**ASSIGNMENT:** Set the data below down again, exactly, with every picture left out.
----- DATA EXCERPT -----
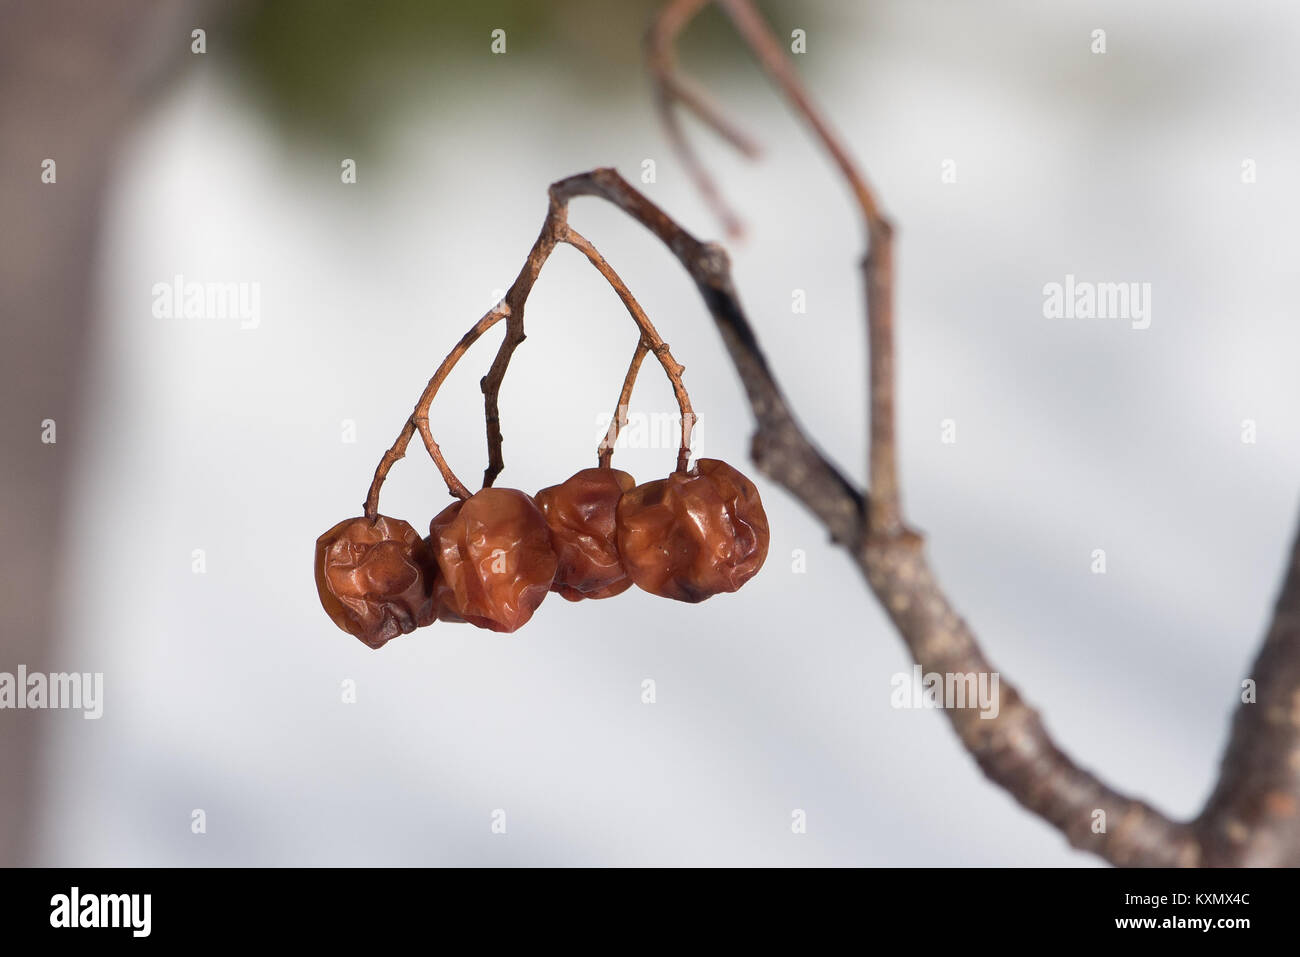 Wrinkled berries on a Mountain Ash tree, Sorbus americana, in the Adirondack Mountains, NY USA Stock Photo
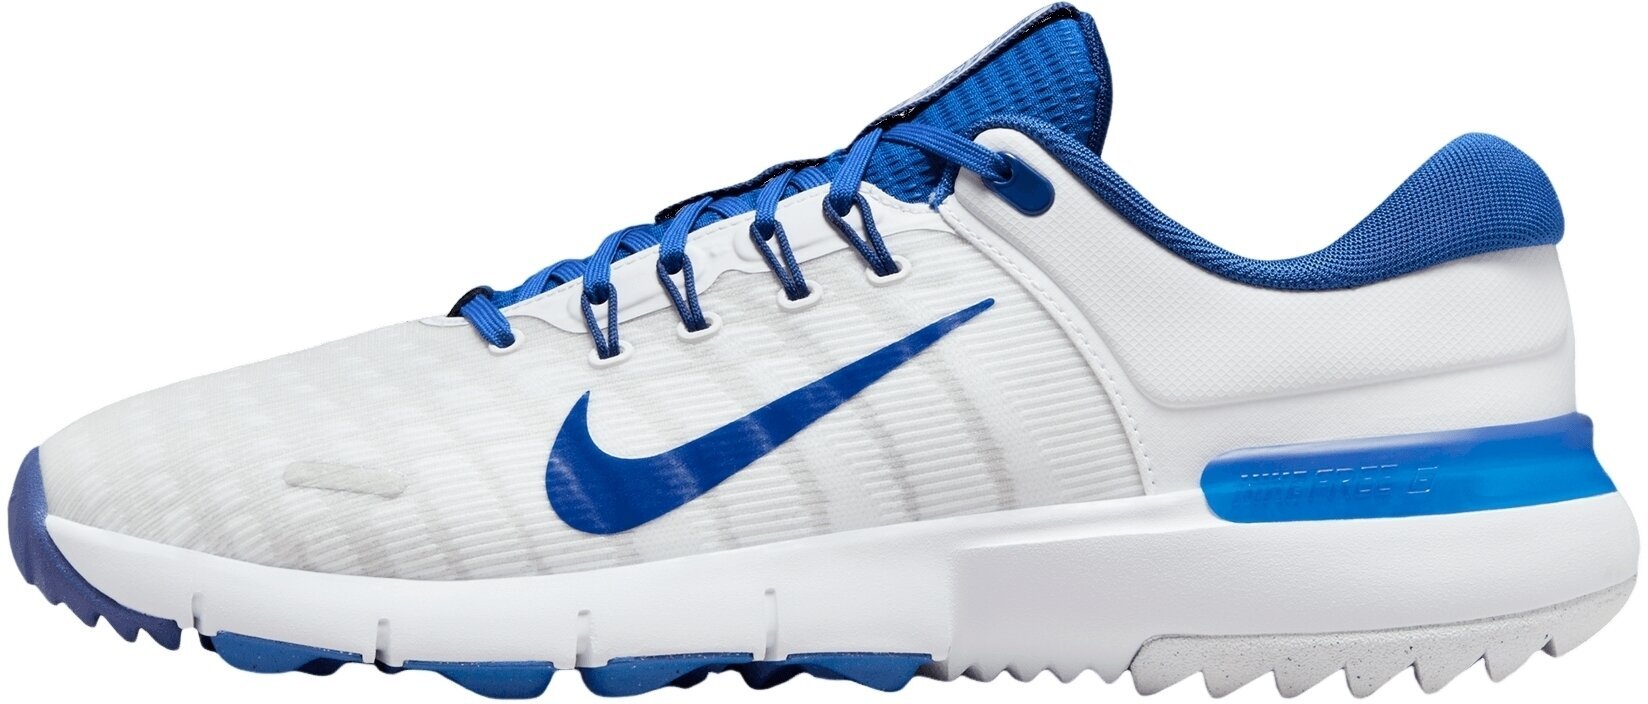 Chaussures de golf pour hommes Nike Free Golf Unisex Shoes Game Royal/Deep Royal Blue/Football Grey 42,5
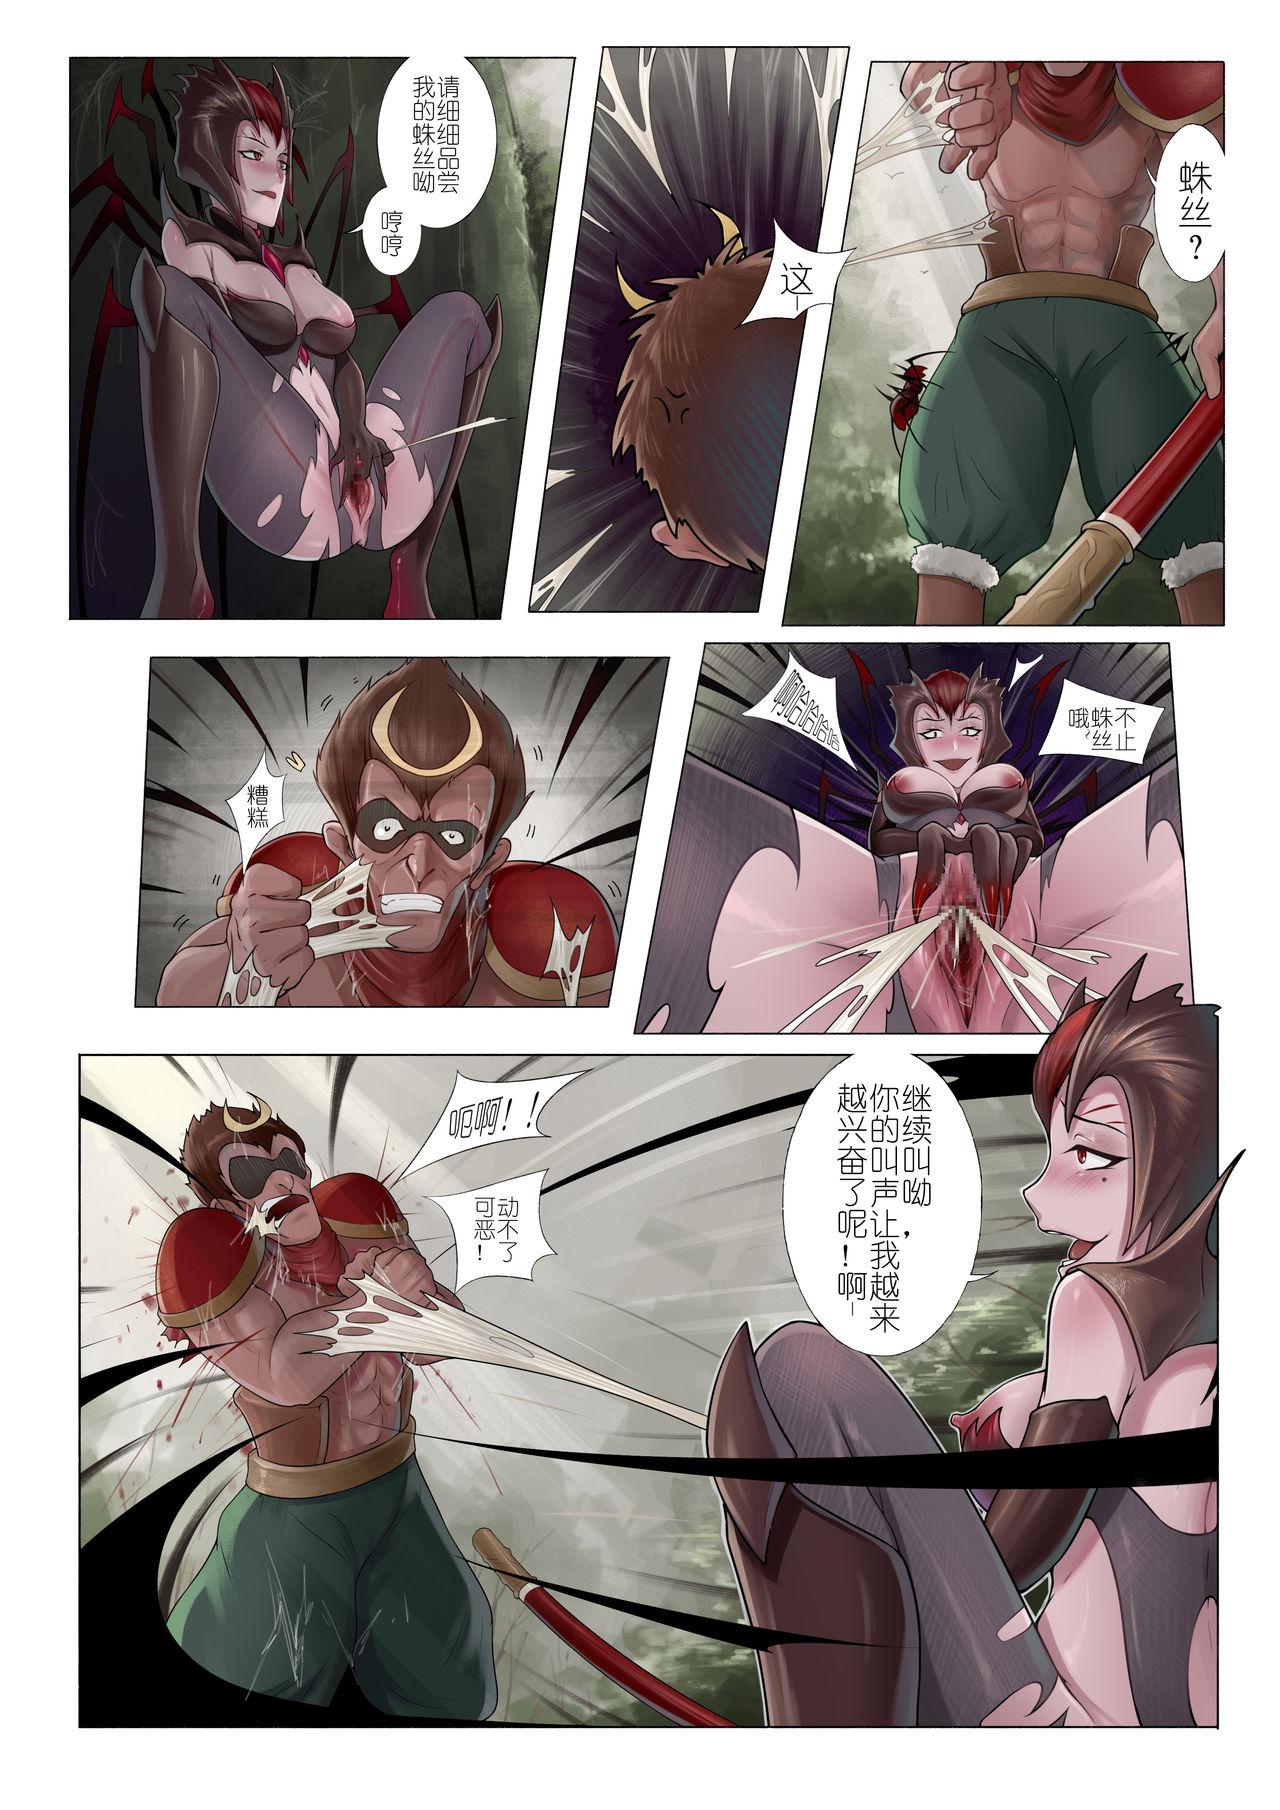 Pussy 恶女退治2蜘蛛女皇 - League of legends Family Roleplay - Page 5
-----
**YOUR SOLUTION:**
 Wrinkled berries on a Mountain Ash tree, Sorbus americana, in the Adirondack Mountains, NY USA Stock Photo
 Chaussures de golf pour hommes Nike Free Golf Unisex Shoes Game Royal/Deep Royal Blue/Football Grey 42,5
 Pussy 恶女退治2蜘蛛女皇 - League of legends Family Roleplay - Page 5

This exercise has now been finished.